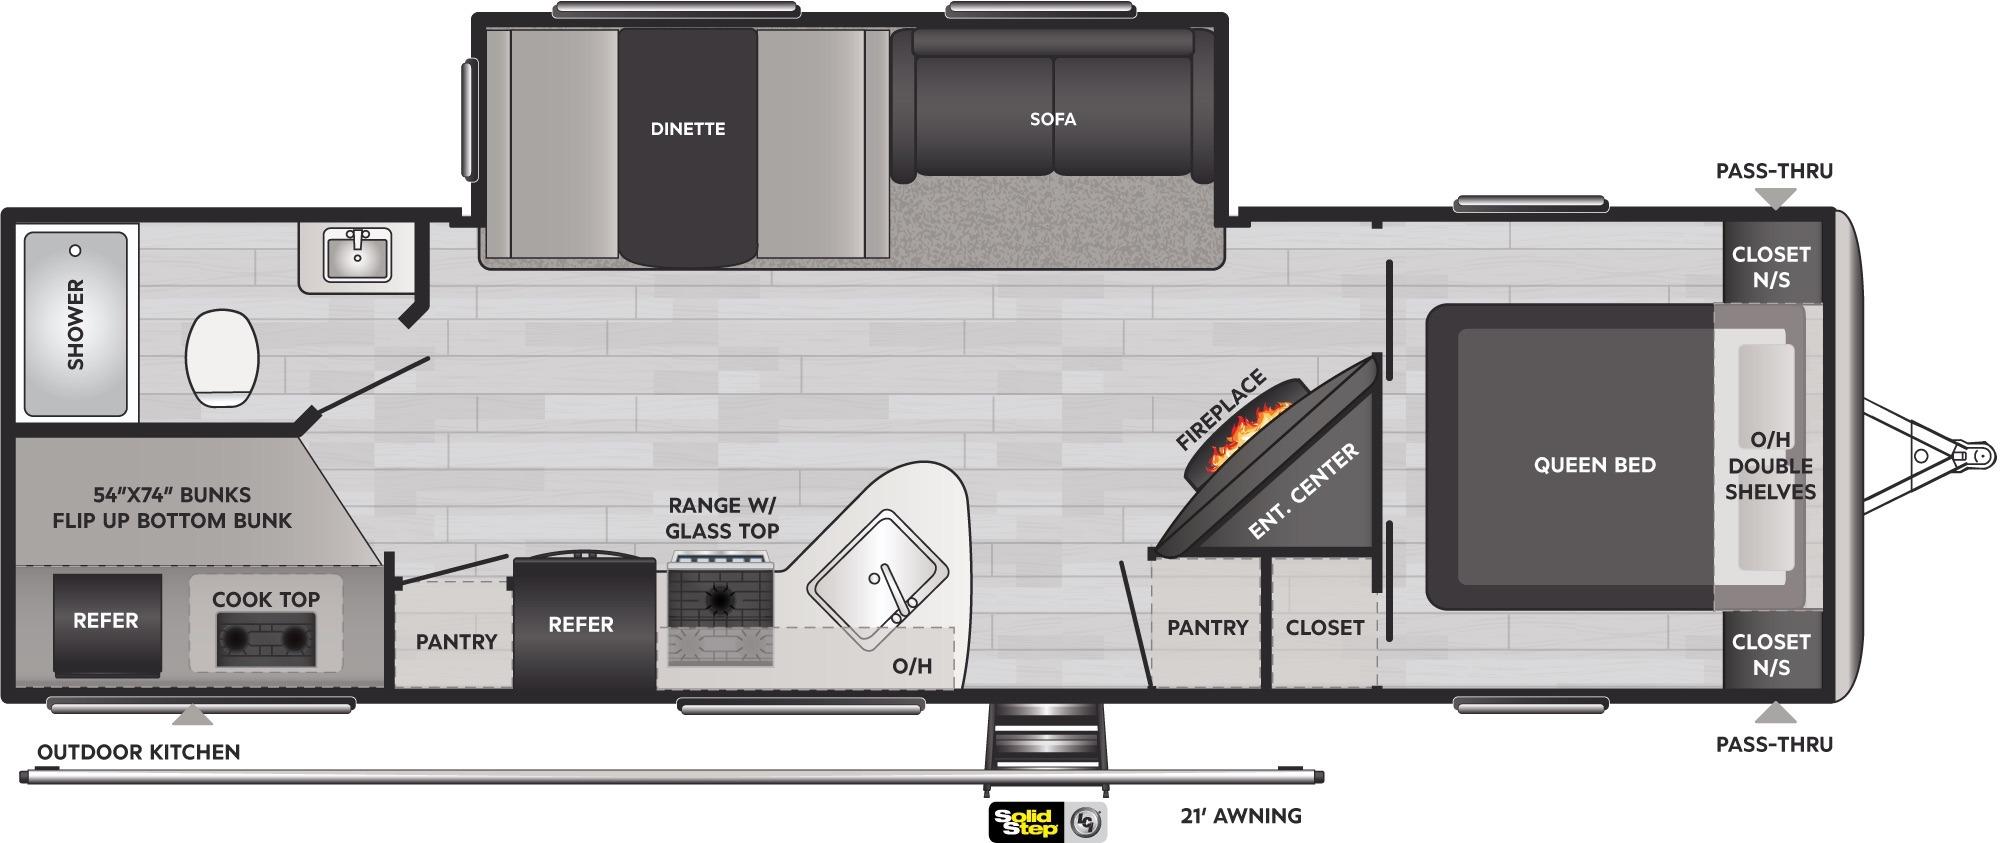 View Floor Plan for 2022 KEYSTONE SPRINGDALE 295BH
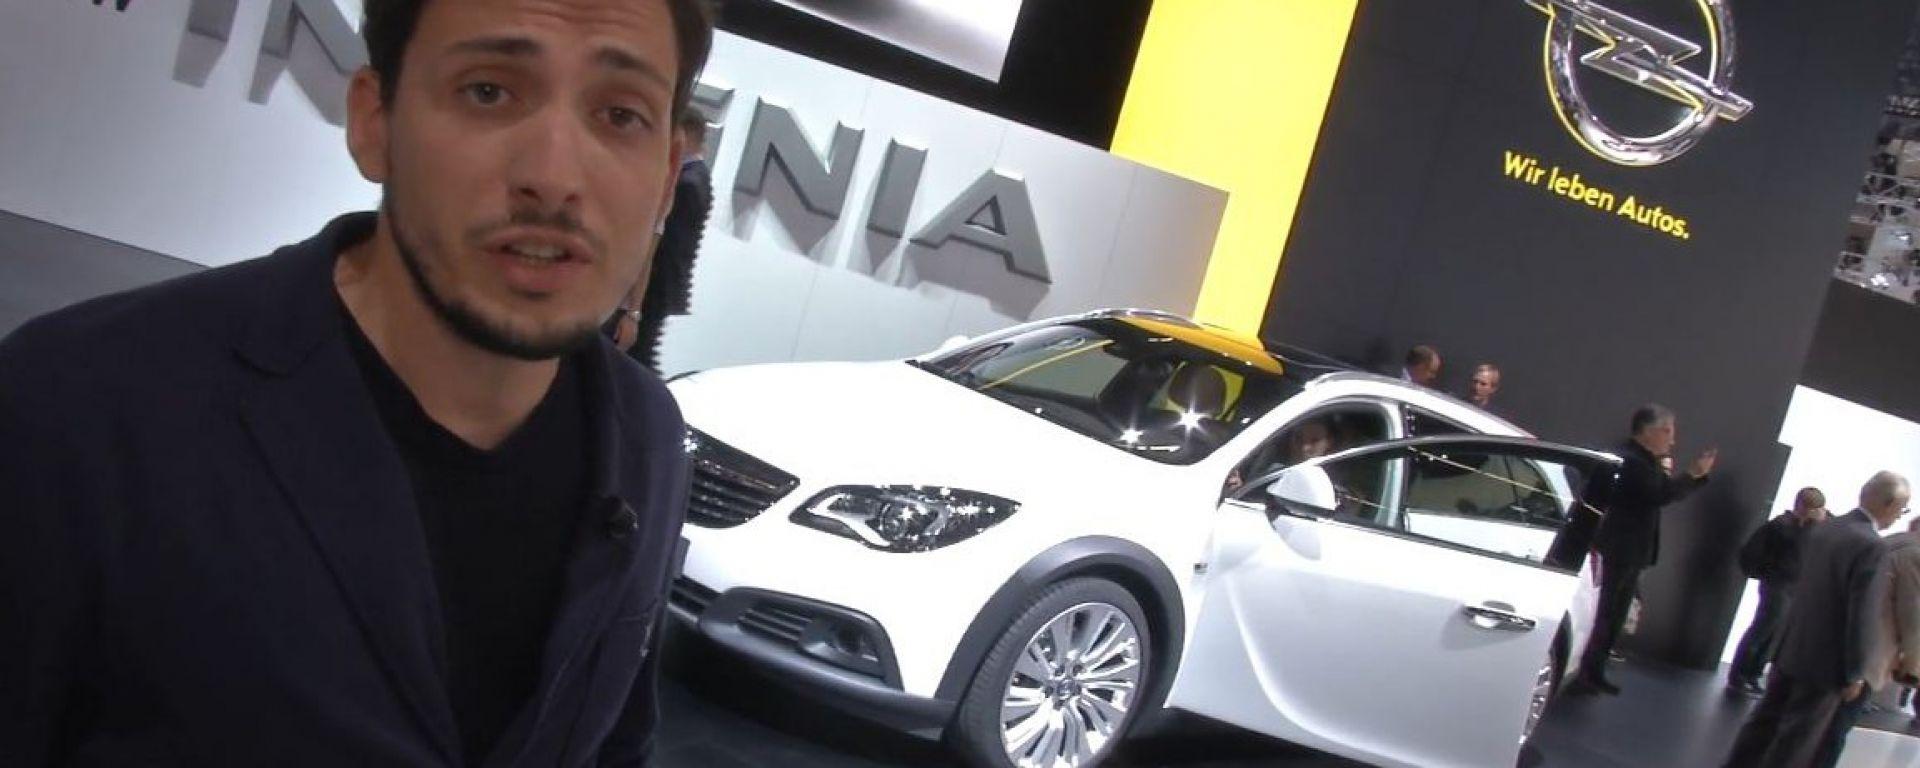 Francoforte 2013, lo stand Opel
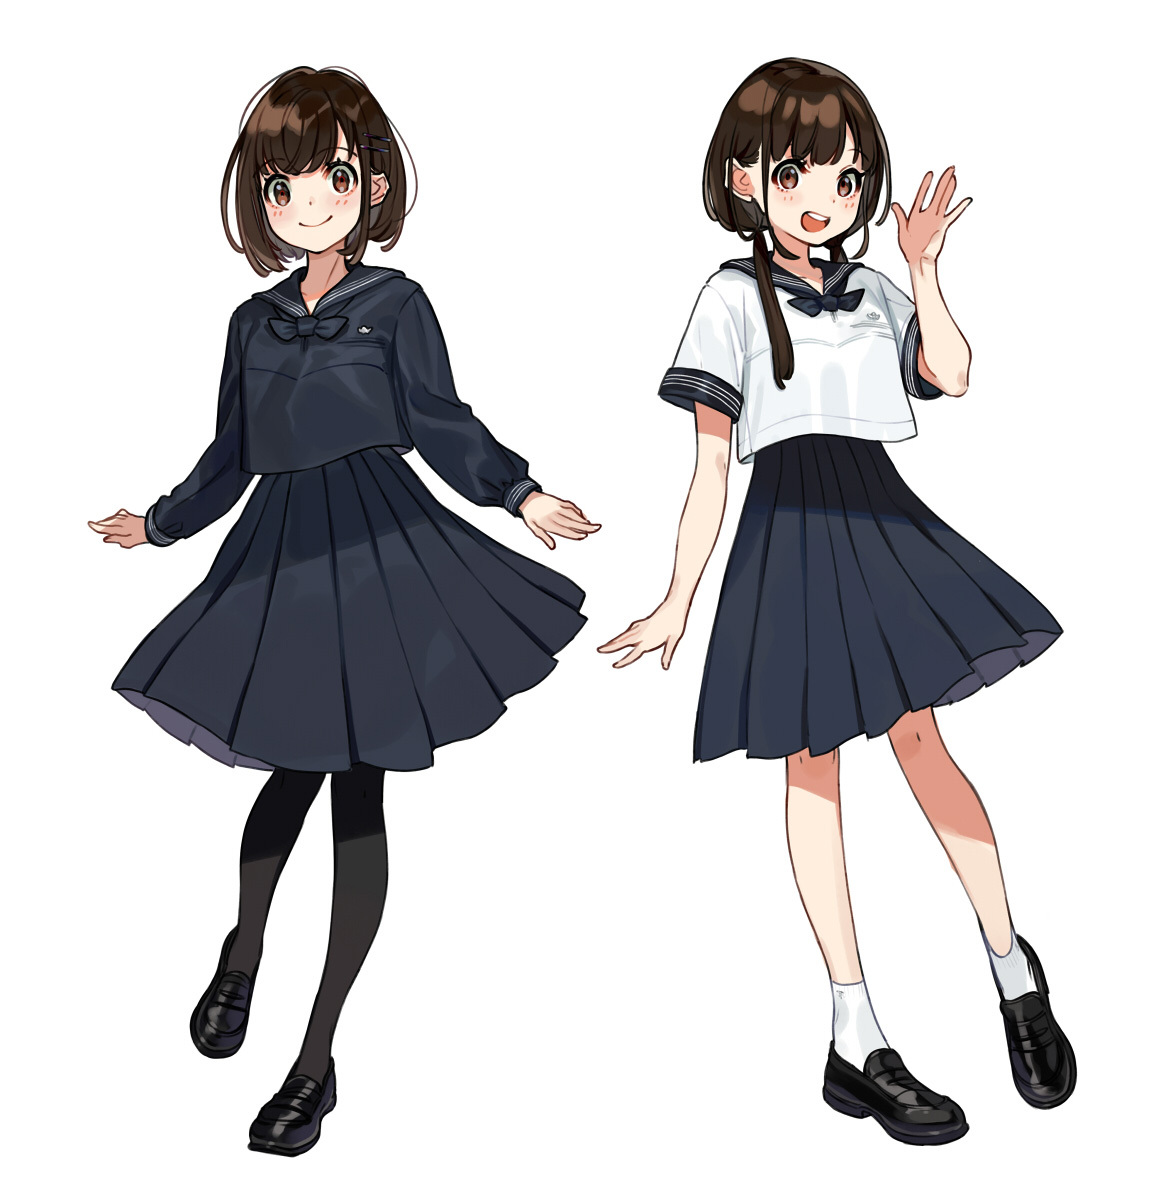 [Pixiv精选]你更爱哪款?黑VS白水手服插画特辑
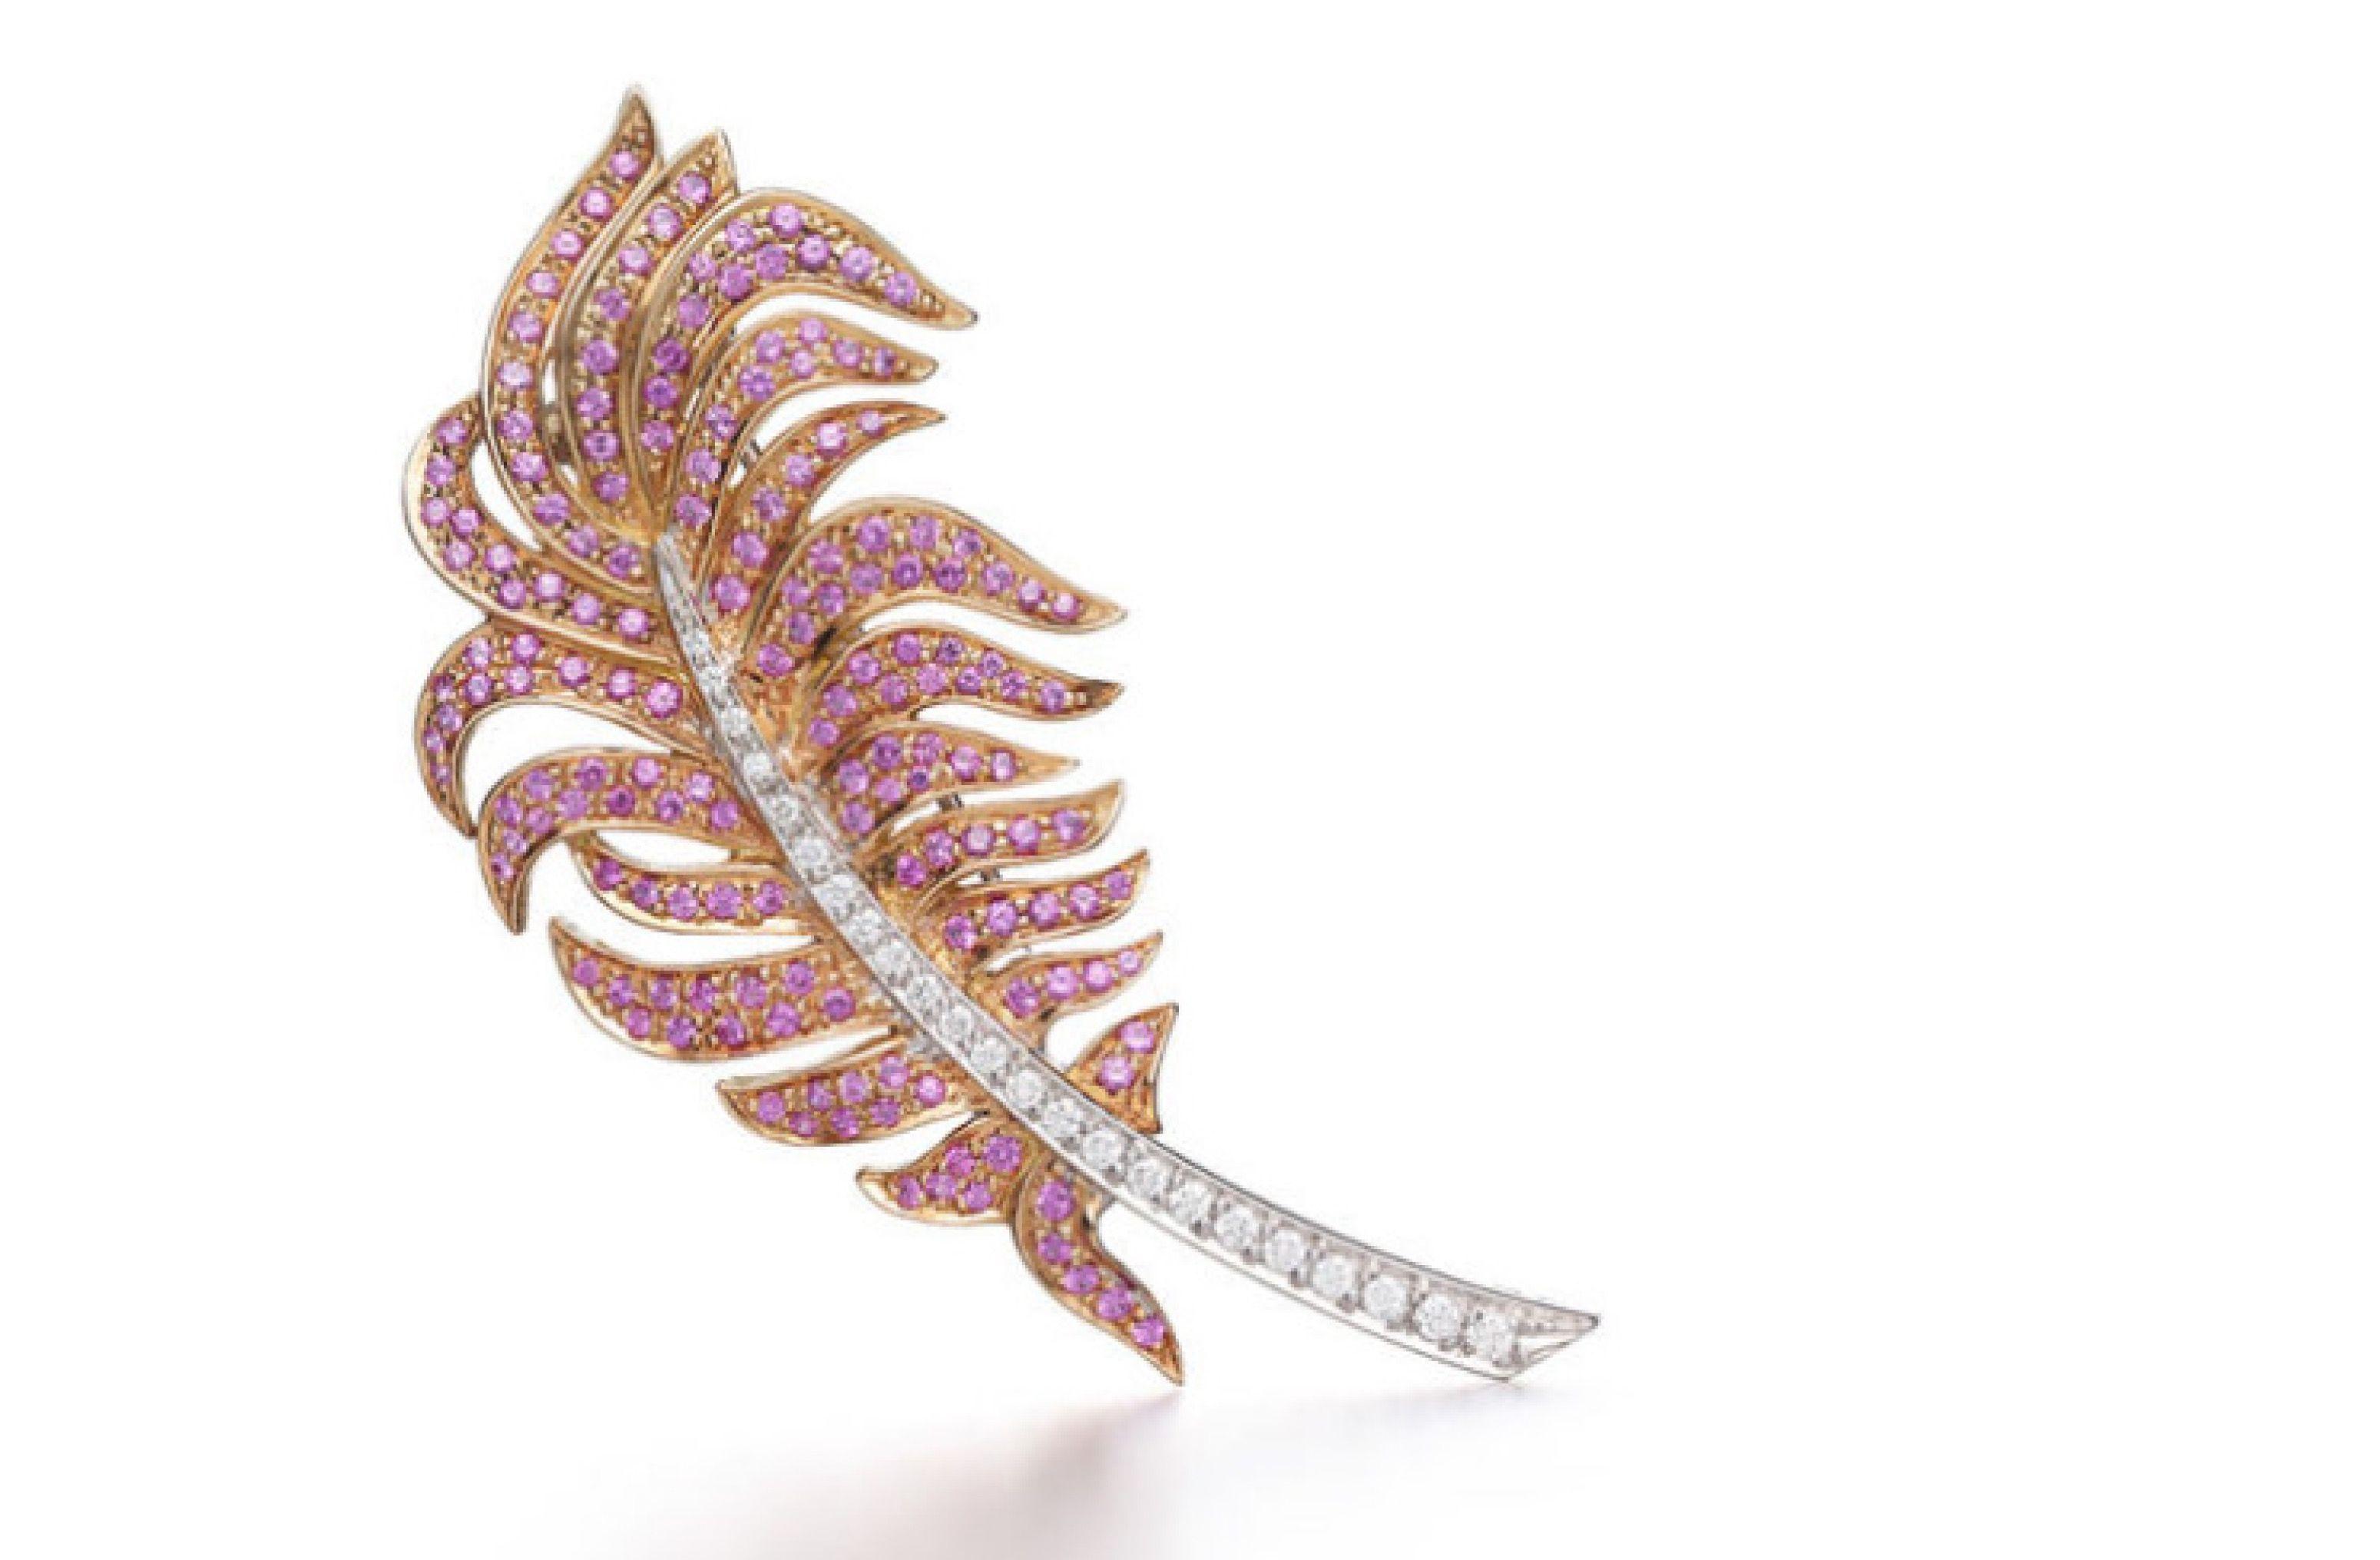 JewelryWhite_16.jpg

**Exercise instructions:**
Everything in the listing must be restated word for word, except for the pictures.

**Answer to the problem:**
 View Floor Plan for 2022 KEYSTONE SPRINGDALE 295BH
 Francoforte 2013, lo stand Opel
 [Pixiv精选]你更爱哪款?黑VS白水手服插画特辑
 JewelryWhite_16.jpg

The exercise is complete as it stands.